Leitsatz (redaktionell)

Garagentür als Grenze des unversicherten häuslichen Bereichs.

 

Normenkette

RVO § 543 Abs. 1 S. 1 Fassung: 1942-03-09

 

Tenor

Die Revision der Beklagten gegen das Urteil des Landessozialgerichts Nordrhein-Westfalen vom 25. Mai 1965 wird zurückgewiesen.

Auf die Revision der Klägerin zu 1) wird das Urteil des Landessozialgerichts Nordrhein-Westfalen insoweit aufgehoben, als es die Berufung der Klägerin zu 1) gegen das Urteil des Sozialgerichts Detmold vom 28. November 1963 als unzulässig verworfen hat.

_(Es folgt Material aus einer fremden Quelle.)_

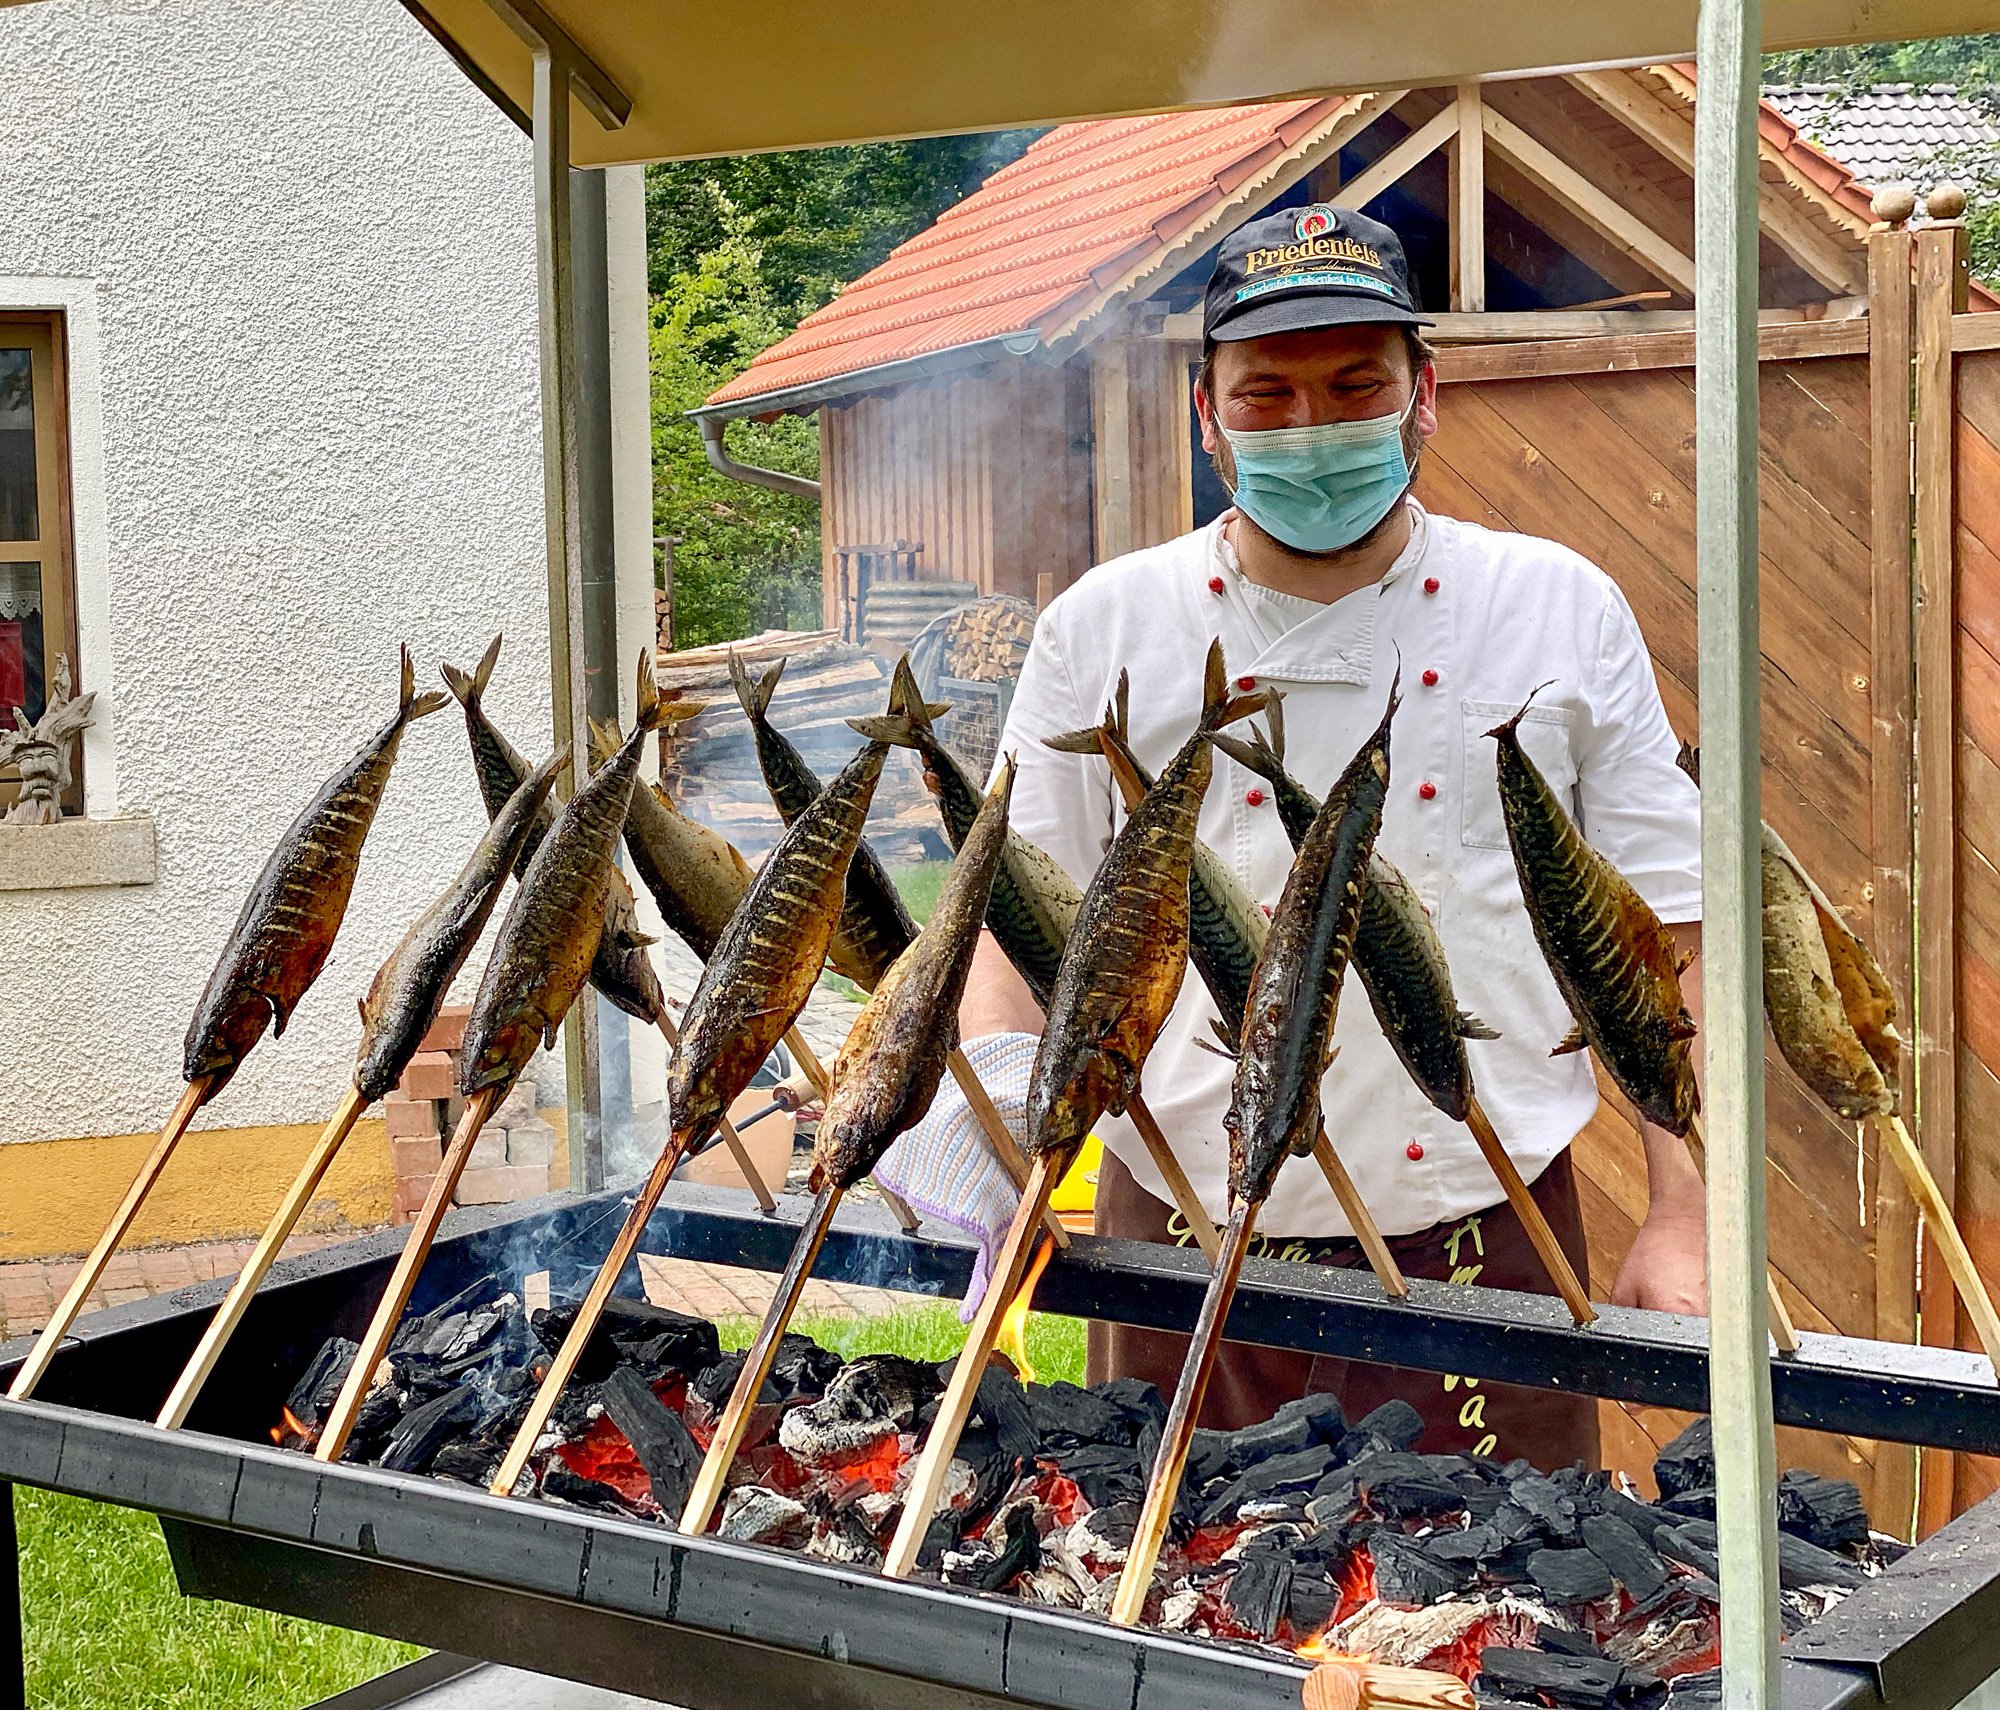 Leckere Makrelen bereitete Andreas Schaumberger auf seinem selbstgebauten Steckerlgrill für seine Gäste zu.

Die Beklagte hat dem Kläger zu 2) die außergerichtlichen Kosten auch des Revisionsverfahrens zu erstatten.

Die Beklagte und die Klägerin zu 1) haben einander keine Kosten zu erstatten.

 

Gründe

I

Der Kläger zu 2), der Geschäftsführer bei der Gewerkschaft Textil-Bekleidung D, Willy E (E.), wurde am 5. März 1962 von einem Unfall betroffen. Die Klägerin zu 1), die Allgemeine Ortskrankenkasse (AOK) für den Kreis Wiedenbrück, betreibt die Feststellung der Entschädigung für die Folgen dieses Unfalls auf Grund des § 1511 der Reichsversicherungsordnung (RVO).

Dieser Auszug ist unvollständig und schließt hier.